Goal of the exercise
After finding "Pregnant woman using a tablet device" in a line below, print that line and the rest of the lines exactly, leaving out all pictures.

Provided records
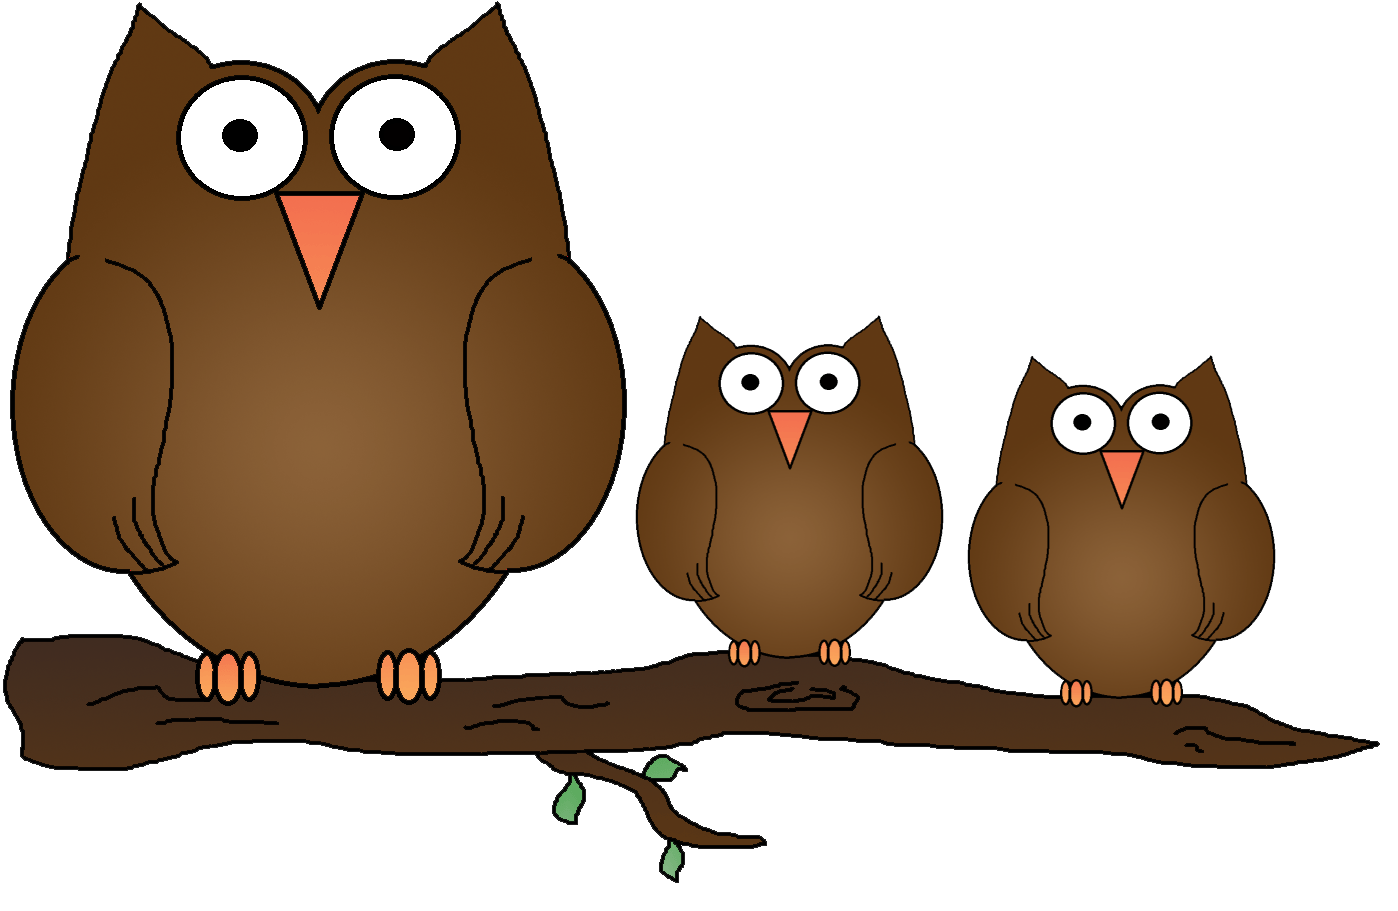 Owl clipart image wise old owl cartoon owl on a tree branch
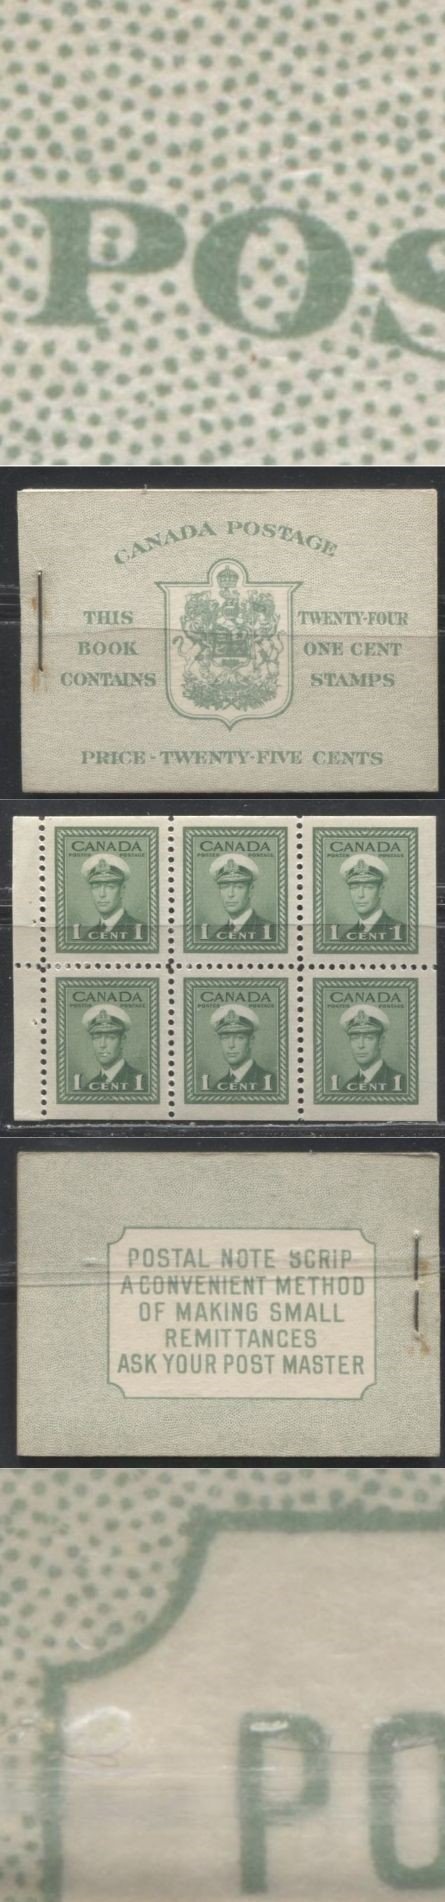 Lot 250 Canada #BK32f 1942-1949 War Issue, Complete 25¢ English Booklet, 4 Panes of 1c Green,  Ribbed Vertical Wove Paper, Harris Front Cover Type IIb, Back Cover Type Cbiii, 7c & 6c Airmail Rates Page
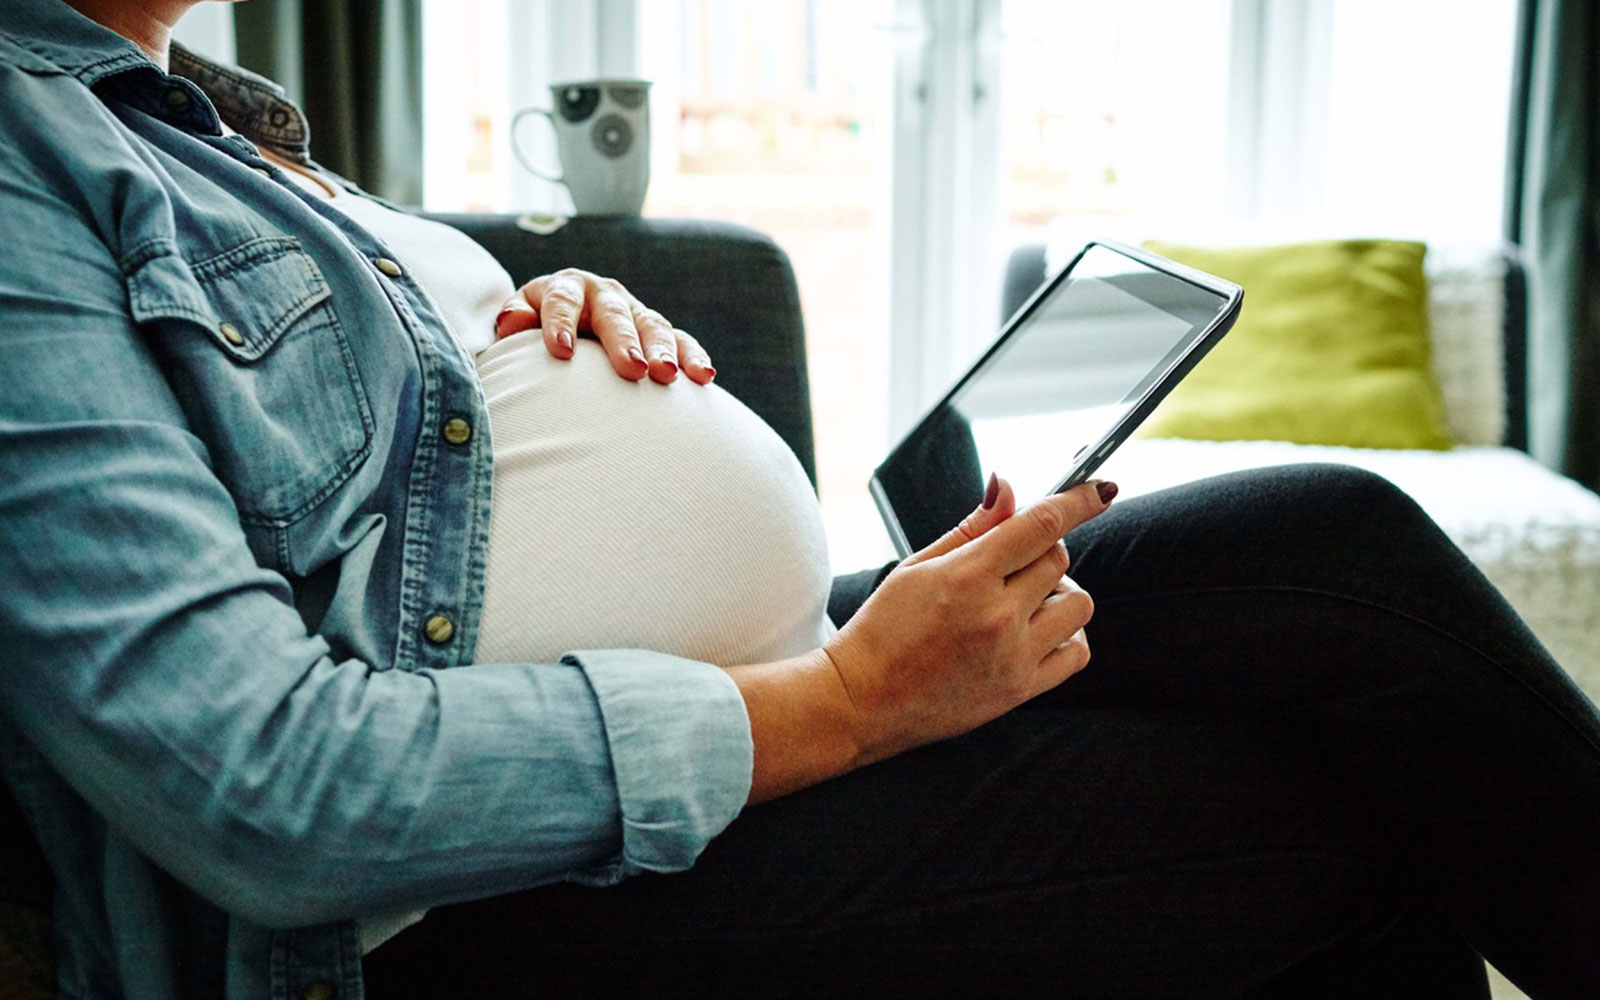 Pregnant woman using a tablet device
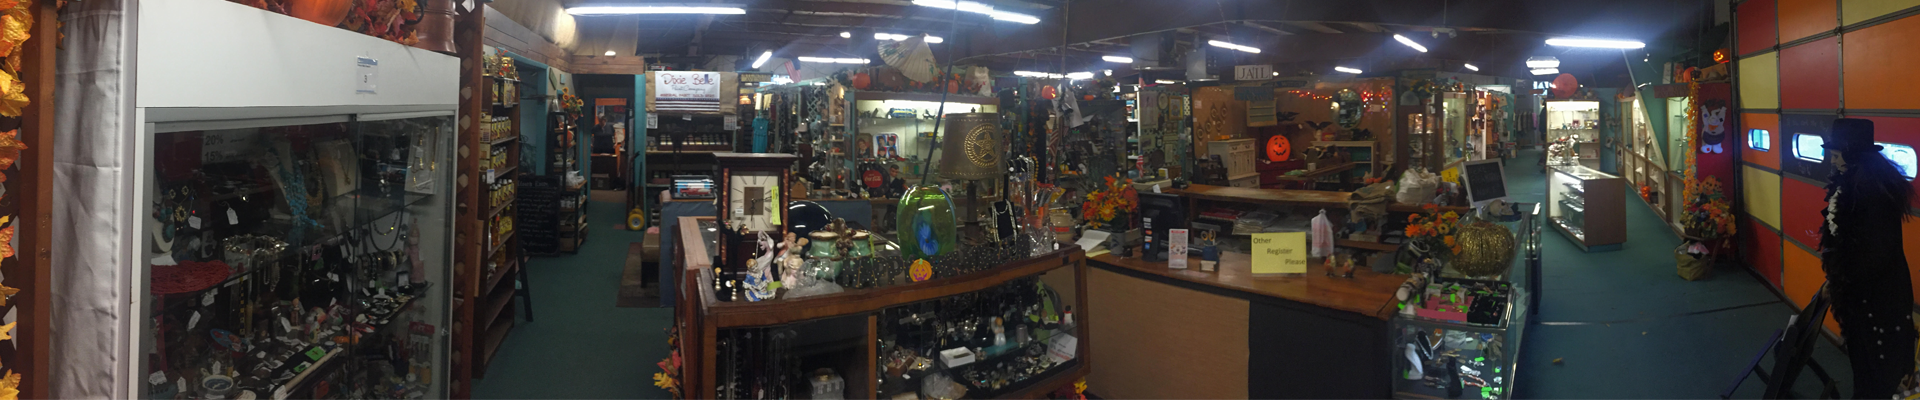 Welcome - Scranberry Coop - Vintage Store - Antiques, Collectibles, & More
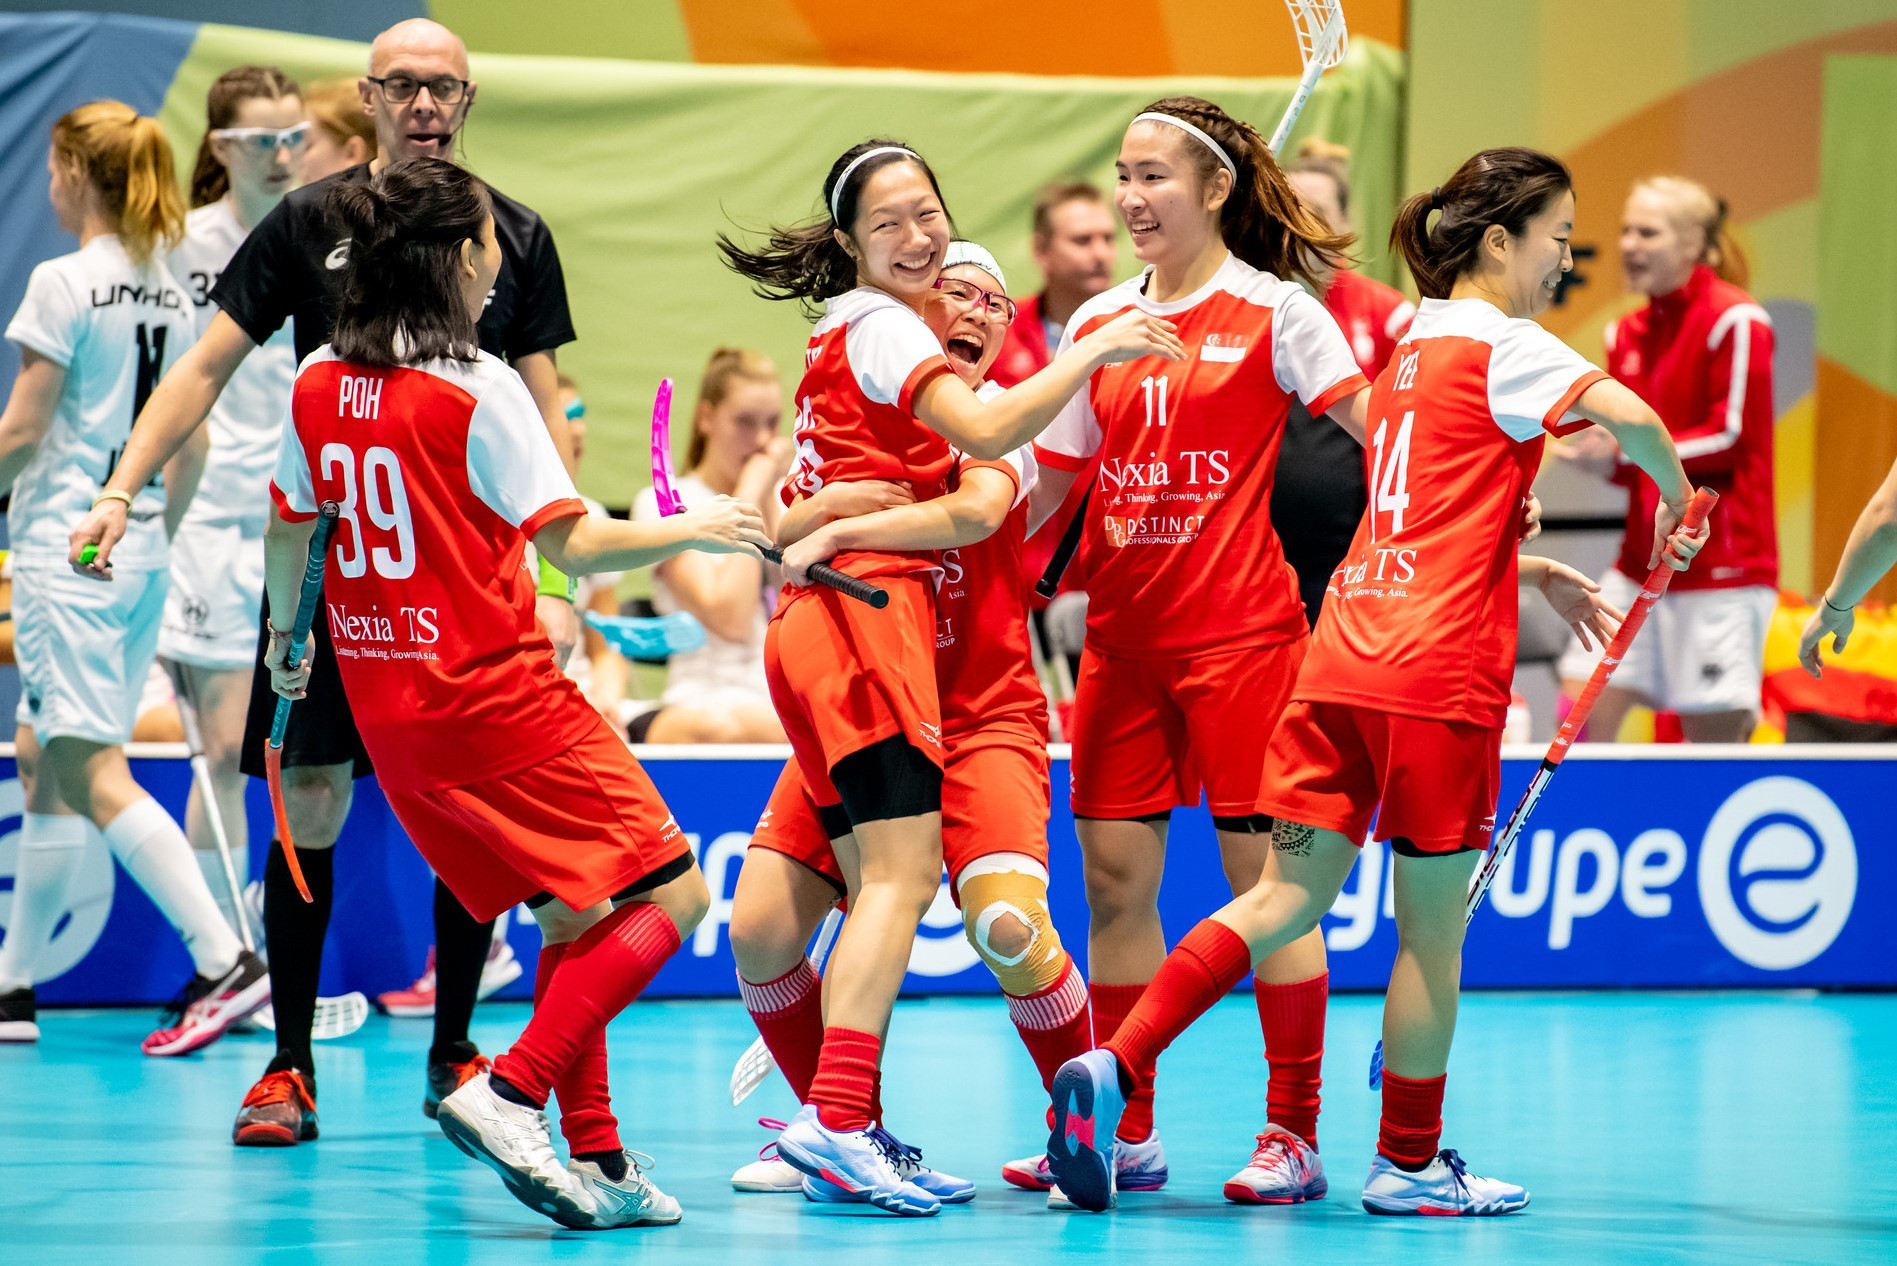 Singapore was awarded the hosting rights for the 2023 Women's World Floorball Championships ©Getty Images

Result
 Pregnant woman using a tablet device
 Welcome - Scranberry Coop - Vintage Store - Antiques, Collectibles, & More
 Singapore was awarded the hosting rights for the 2023 Women's World Floorball Championships ©Getty Images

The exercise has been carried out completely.